The various clinical presentations include cutaneous infections, tenosynovitis, osteomyelitis, septic arthritis, and dactylitis. Tenosynovitis of the flexor or extensor tendon sheath is most common. The tenosynovitis can extend into the carpal tunnel and cause a carpal tunnel syndrome. In these cases, rice bodies ( Fig. 1 ), which are tubercles in the synovial tissue that become detached and contain live mycobacteria that grow on culture, are seen coming from the tenosynovium walls intraoperatively. Tuberculosis can also invade the bones and joints of the hand. Distal radius osteomyelitis and radiocarpal arthritis via direct inoculation from adjacent tenosynovitis in the carpal tunnel have been reported. Tuberculosis osteomyelitis can be unifocal or multifocal, and the appearance of bony involvement can vary from cystic lesions, to a honeycomb pattern, to sclerosis. Dactylitis has been mostly reported in children and presentations range from mild soft-tissue involvement to bony destruction. The osseous destruction can present as either a cystic lesion or a tubular expansion of the bone. Usually, appropriate antibiotic treatment leads to reformation of the damaged bone. Other less common presentations of tuberculous infections in the hand include cutaneous nodules, tuberculous bursitis, and a hypersensitivity-type of reaction with aseptic arthritis and soft tissue swelling.




Fig. 1


Rice bodies. Tubercles in the synovial tissue that become detached and contain live mycobacteria that grow on culture. They are seen coming from the tenosynovium walls intraoperatively.

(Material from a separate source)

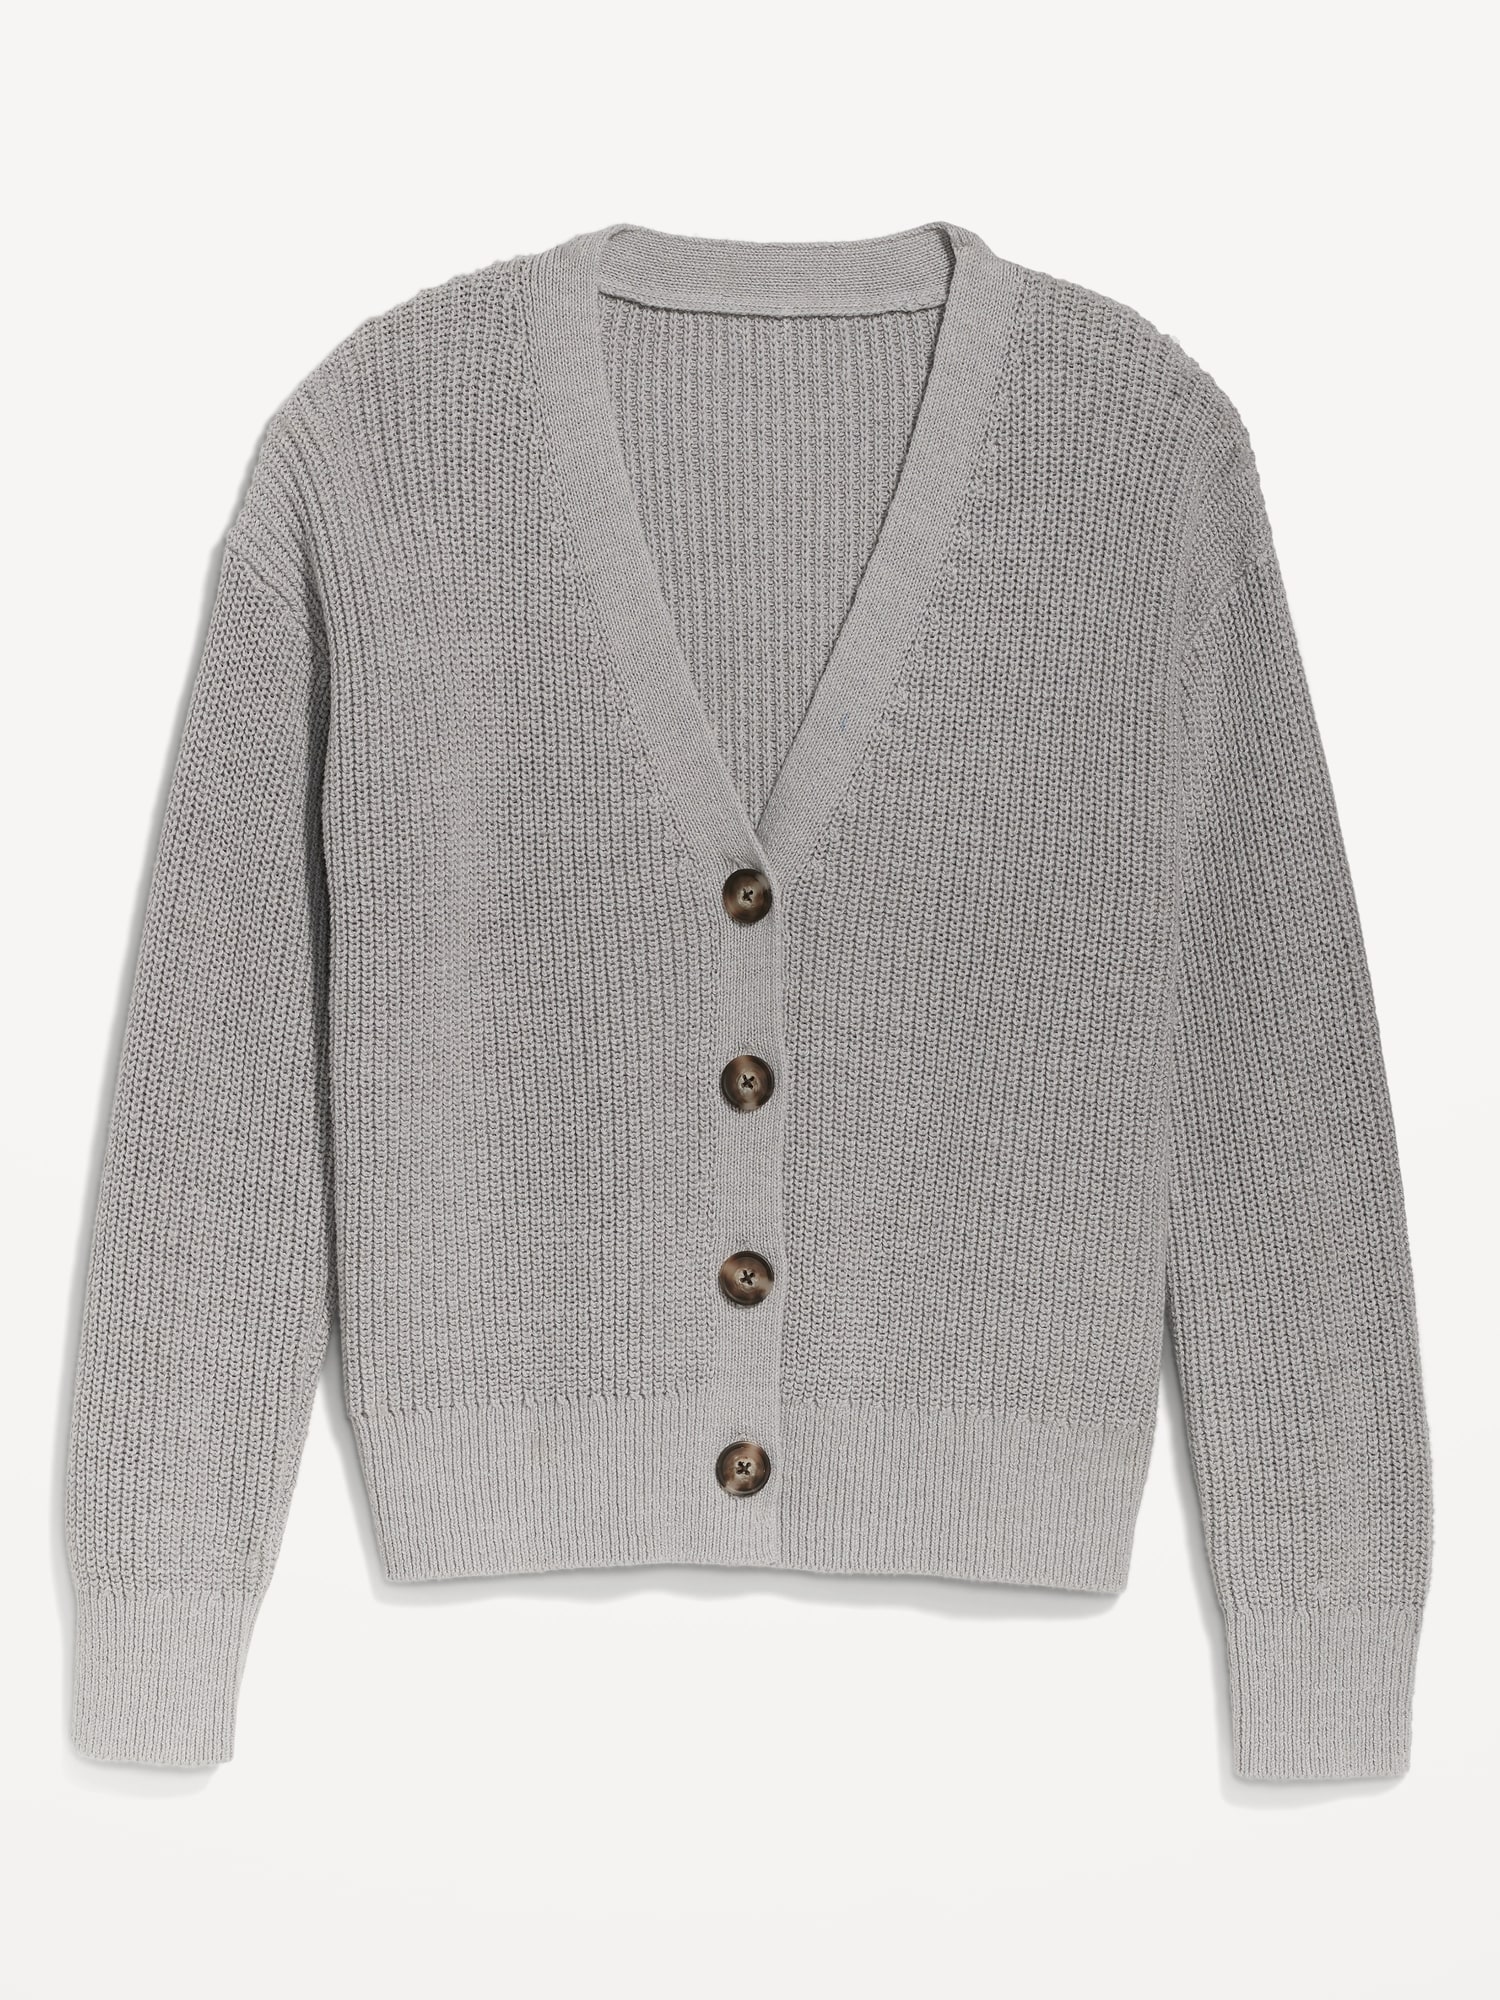 Lightweight Shaker-Stitch Cardigan Sweater for Women | Old Navy

Pathologic specimens usually show caseating granulomas. Tzanck smears, Ziehl-Neelsen (acid-fast) staining, and cultures are frequently negative. Cultures can take up to 3 to 6 weeks to yield a positive diagnosis. Appropriate treatment of tuberculous infections of the hand consists of multidrug therapy with isoniazid, rifampin, and pyrazinamide, with or without ethambutol. A typical treatment course consists of 2 months of treatment with this regimen; after the 2 months, the isoniazid and rifampin are continued for 4 months. However, some investigators are now recommending a longer treatment course, up to 18 months. Initiating full treatment and completing the full course is essential to preventing recurrence, as well as the formation of resistant strains.


Mycobacterium leprae


M leprae causes leprosy, or Hansen disease, which is endemic in Africa and Asia. The organism is carried by Southwestern armadillos. It typically affects the skin and peripheral nerves. The main clinical types of the disease are tuberculoid, borderline, and lepromatous. Tuberculoid disease affects patients with more competent resistance, and typically presents with a single anesthetic skin lesion, and early nerve thickening and dysfunction. Nerve abscess is also common and lepromin skin tests are strongly positive. In contrast, the lepromatous form affects patients with incompetent resistance, and is associated with multiple skin lesions with relative preservation of skin sensation and delayed nerve thickening. Lepromin skin tests in these patients are usually negative. One common issue with the lepromatous type is secondary bacterial infection of ulcers. Borderline tuberculoid disease affects those with intermediate resistance and their presentation fluctuates between tuberculoid and lepromatous types.


Diagnosis begins by recognizing 3 cardinal signs emphasized by the World Health Organization:




  • An anesthetic skin patch



  • Nerve thickening



  • A hypopigmented skin lesion.



A slit-skin smear, which uses a thin (∼3 mm) sample of tissue taken with a scalpel, confirms the diagnosis and also helps to classify the disease as paucibacillary (negative smear) versus multibacillary (positive smear). When a slit-skin smear is negative, skin and nerve biopsies can also be considered if the diagnosis is in doubt.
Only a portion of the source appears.